藉此,控制單元140依據有關於地勢、天候、人為因素或軌道使用情況的控制訊號以及其資料庫的對應資料(記憶軌道路線、路型與車輛交會等功能)來控制磁性單元130a、130b,例如是對作為磁性單元130a、130b的磁性線圈施加特定電流,使其產生磁力,並可依據上述條件其資料庫的對應資料控制磁力大小。此時,由於車輪122a、122b、124a、124b以及輪軸126a與 126b採用鐵質性材料,故磁性單元130a、130b的磁力可從輪軸126a與126b有效傳遞至車輪122a、122b、124a、124b。此外,由於軌道200a、200b亦為鐵質性材料,故傳遞至車輪122a、122b、124a、124b的磁力亦可有效傳遞至軌道200a、200b,進而使車輪122a、122b、124a、124b接觸對應的軌道200a、200b,而控制單元140亦可依據上述條件與其資料庫的對應資料調整並控制磁力大小,進而控制車輪122a、122b、124a、124b接觸對應的軌道200a、200b的緊密度。 Thereby, the control unit 140 controls the magnetic units 130a, 130b according to control signals related to terrain, weather, human factors or track usage, and corresponding data of the database (memory track route, road type and vehicle intersection, etc.) For example, a specific current is applied to the magnetic coils as the magnetic units 130a and 130b to generate a magnetic force, and the magnitude of the magnetic force can be controlled according to the corresponding data of the database according to the above conditions. At this time, due to the wheels 122a, 122b, 124a, 124b and the axle 126a The 126b is made of a ferrous material, so that the magnetic forces of the magnetic units 130a, 130b can be effectively transmitted from the axles 126a and 126b to the wheels 122a, 122b, 124a, 124b. In addition, since the rails 200a, 200b are also ferrous materials, the magnetic forces transmitted to the wheels 122a, 122b, 124a, 124b can also be effectively transmitted to the rails 200a, 200b, thereby making the wheels 122a, 122b, 124a, 124b contact corresponding The rails 200a, 200b, and the control unit 140 can also adjust and control the magnitude of the magnetic force according to the above conditions and the corresponding data of the database, thereby controlling the tightness of the wheels 122a, 122b, 124a, 124b contacting the corresponding rails 200a, 200b.

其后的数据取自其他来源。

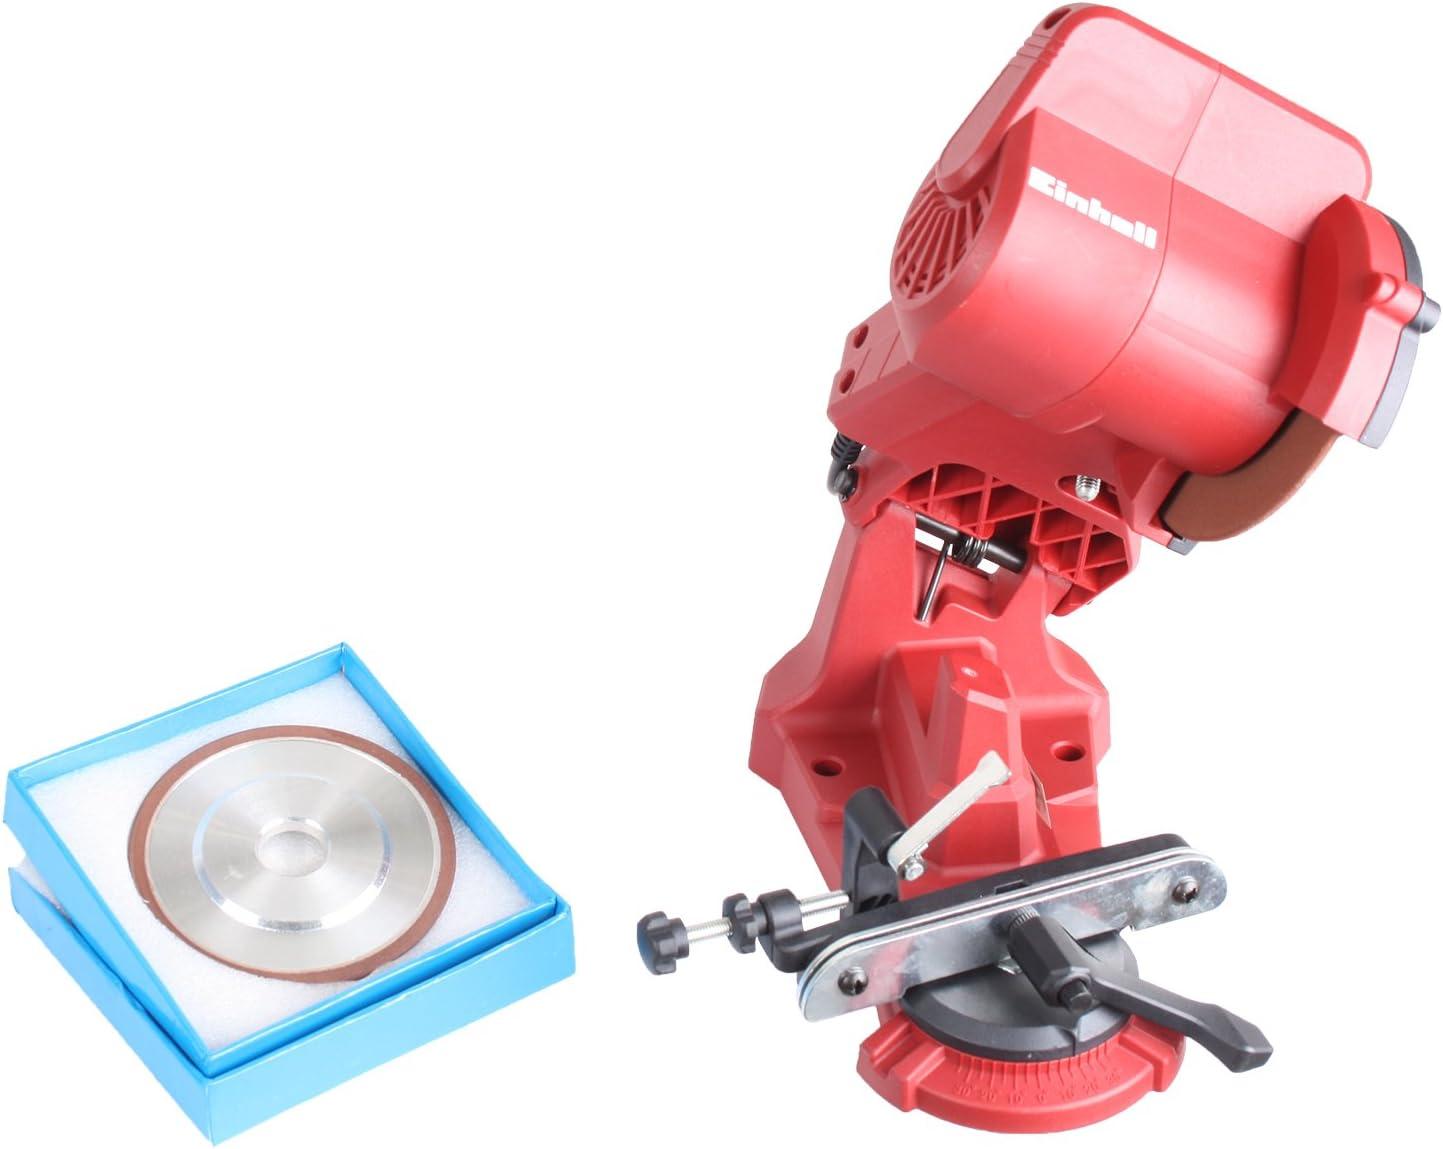 Set Einhell S/ägekettensch/ärfger/ät GC-CS 85 E mit GARDINGER Diamantschleifscheibe 108x3,2x23 mm

更進一步地說,在本實施例中,前車輪對120a的兩車輪122a與124a藉由對應的磁力產生相異的兩磁極,使兩車輪122a與124a的其中之一產生N磁極,而兩車輪122a與124a的其中另一產生S磁極,例如是車輪122a產生N磁極而車輪124a產生S磁極,或者是車輪124a產生N磁極而車輪122a產生S磁極,本發明不限制車輪122a與124a的何者為N磁極S何者為S磁極。類似地,後車輪對120b的兩車輪122b與124b藉由對應的磁力產生相異的兩磁極,使兩車輪122b與124b的其中之一產生N磁極,而兩車輪122b與124b的其中另一產生S磁極,例如是車輪122b產生N磁極而車輪124b產生S磁極,或者是車輪124b產生N磁極而車輪122b產生S磁極,本發明不限制車輪122b與124b的何者為N磁極S何者為S磁極。 Further, in the present embodiment, the two wheels 122a and 124a of the front wheel pair 120a generate two magnetic poles by the corresponding magnetic force, so that one of the two wheels 122a and 124a generates N magnetic poles, and the two wheels The other of the 122a and 124a generates an S magnetic pole, for example, the wheel 122a generates N magnetic poles and the wheel 124a generates S magnetic poles, or the wheel 124a generates N magnetic poles and the wheel 122a generates S magnetic poles, and the present invention does not limit which of the wheels 122a and 124a is N magnetic pole S is the S magnetic pole. Similarly, the two wheels 122b and 124b of the rear wheel pair 120b generate two magnetic poles by corresponding magnetic forces, such that one of the two wheels 122b and 124b produces N poles, and the other of the two wheels 122b and 124b produces For the S magnetic pole, for example, the wheel 122b generates the N magnetic pole and the wheel 124b generates the S magnetic pole, or the wheel 124b generates the N magnetic pole and the wheel 122b generates the S magnetic pole. The present invention does not limit which of the wheels 122b and 124b is the N magnetic pole S and which is the S magnetic pole.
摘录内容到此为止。